-- Recorded data follows --
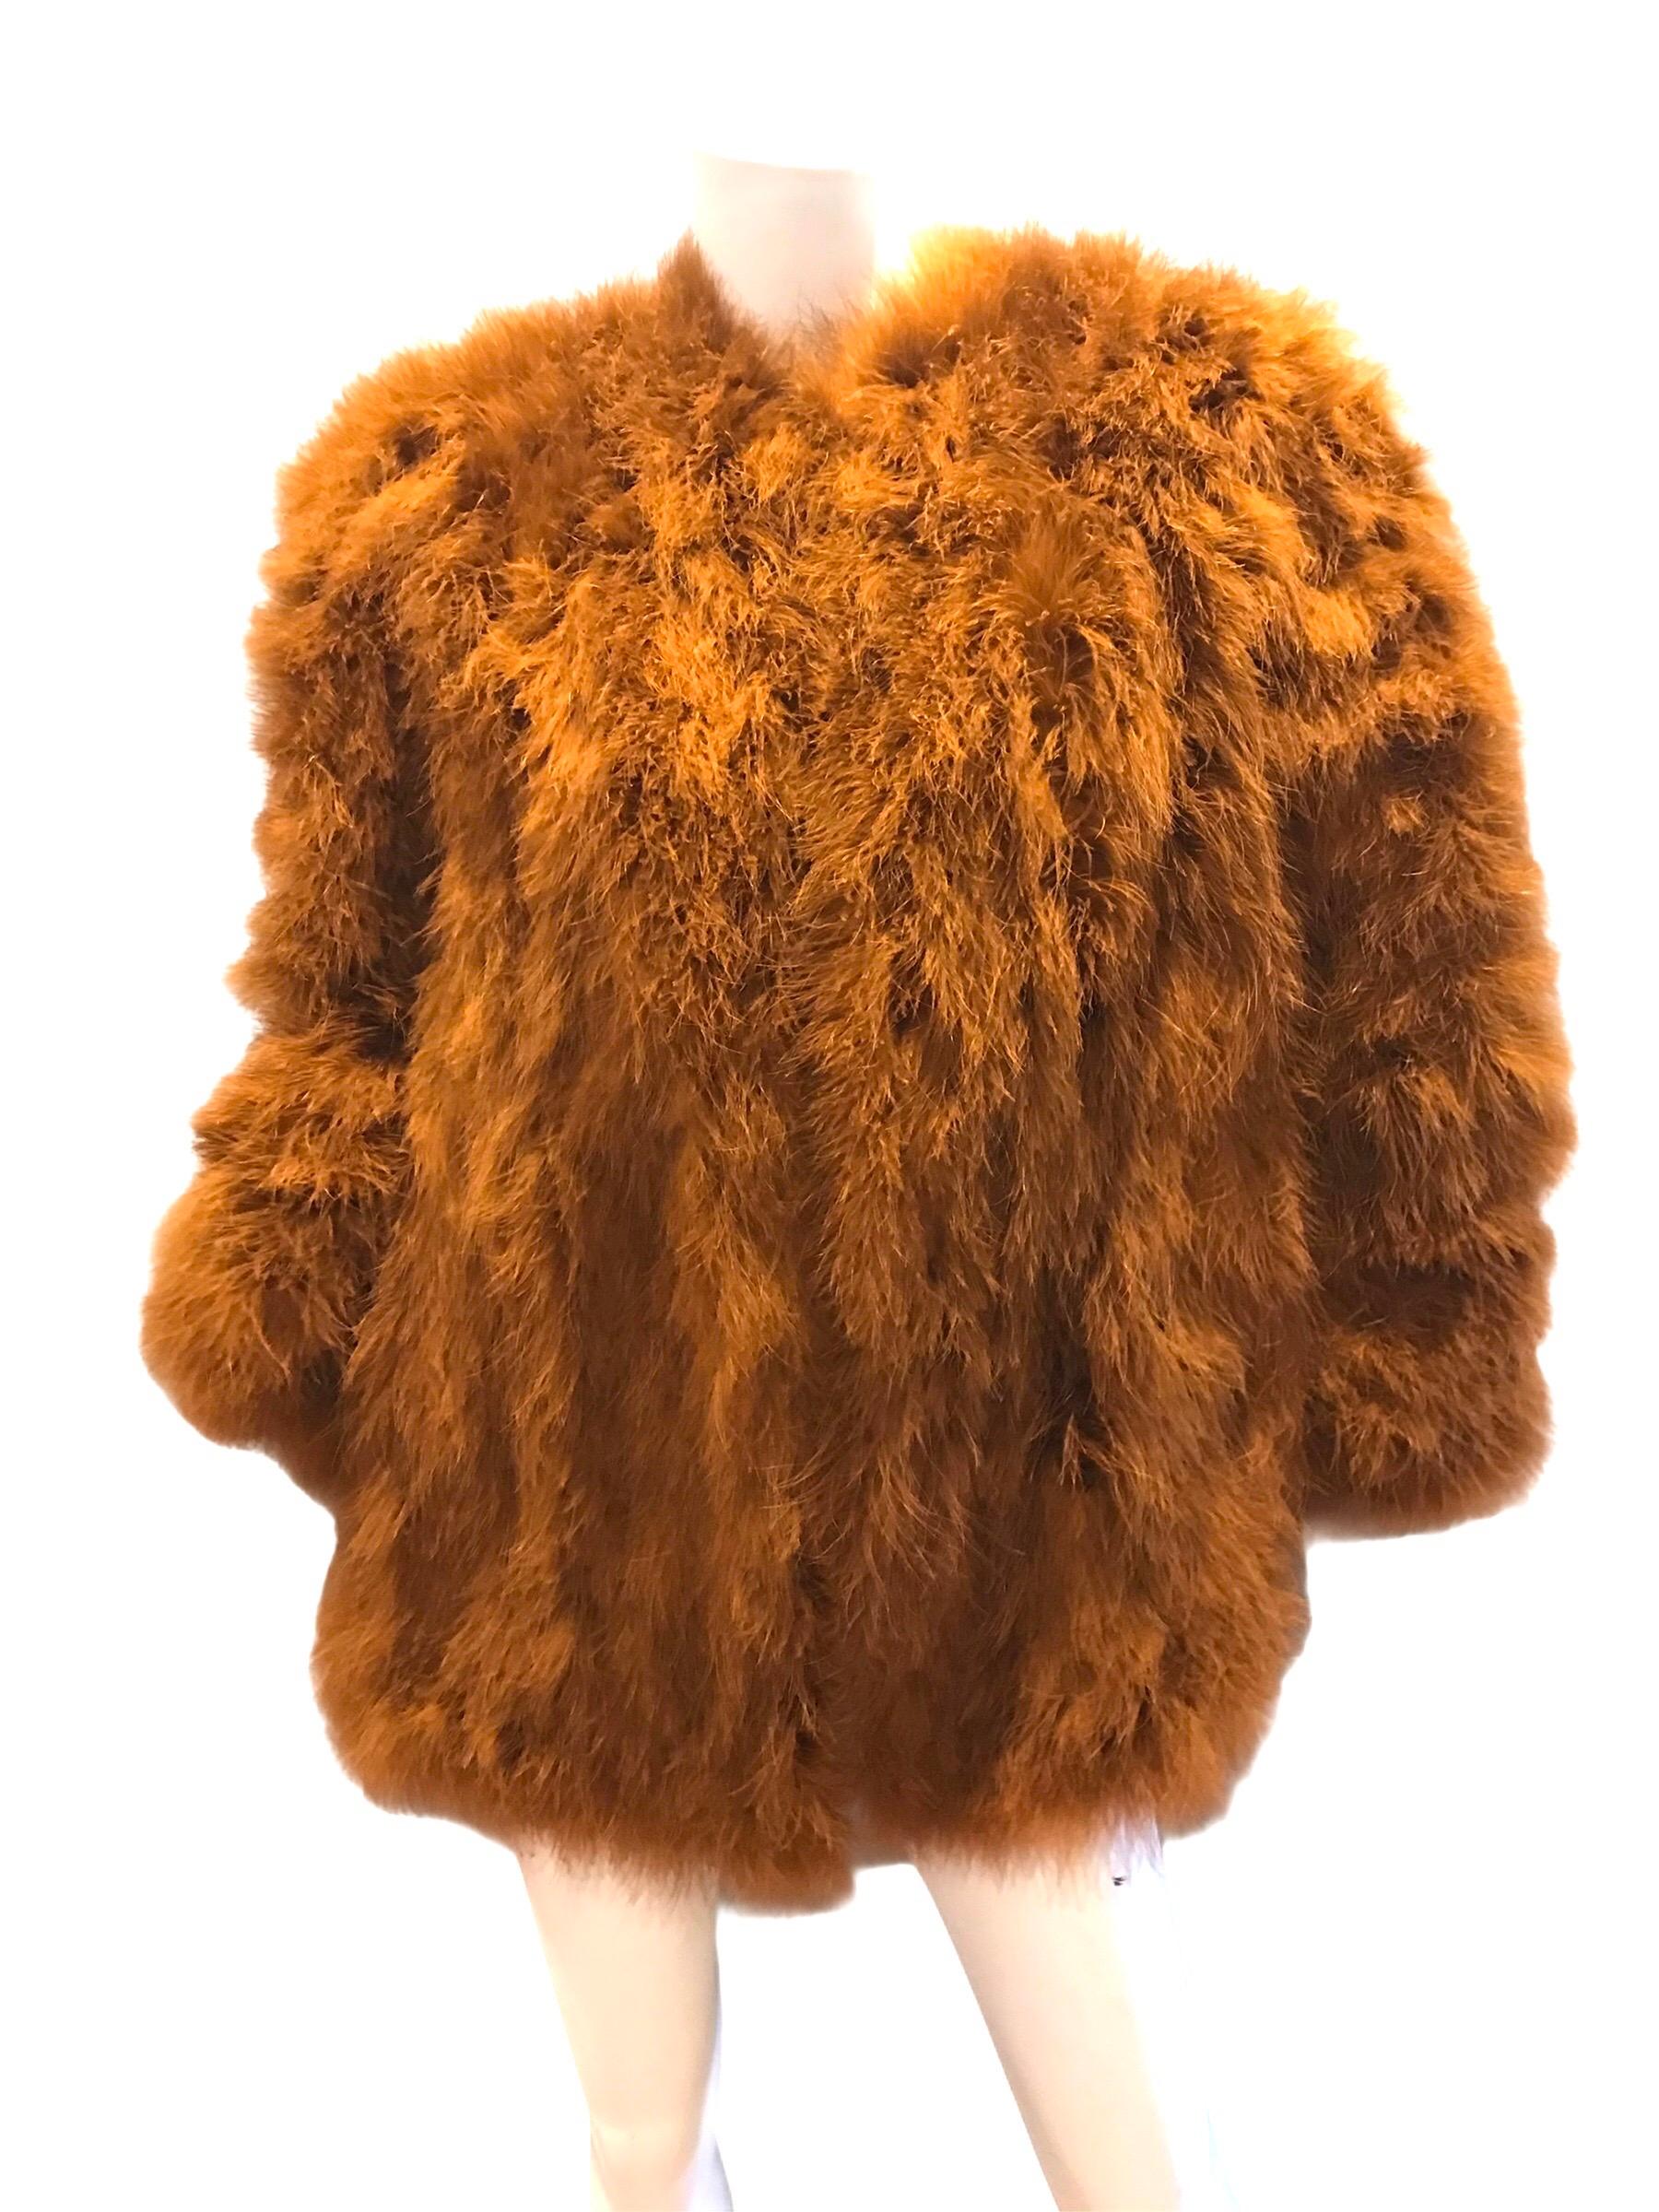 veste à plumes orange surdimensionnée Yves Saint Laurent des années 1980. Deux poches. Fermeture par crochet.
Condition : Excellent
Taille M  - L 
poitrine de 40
-- Recorded data concluded --
* [Work instruction]:
Output the material word for word. Pictures do not go in.

* [Exercise solution]:
 veste à plumes orange surdimensionnée Yves Saint Laurent des années 1980. Deux poches. Fermeture par crochet.
Condition : Excellent
Taille M  - L 
poitrine de 40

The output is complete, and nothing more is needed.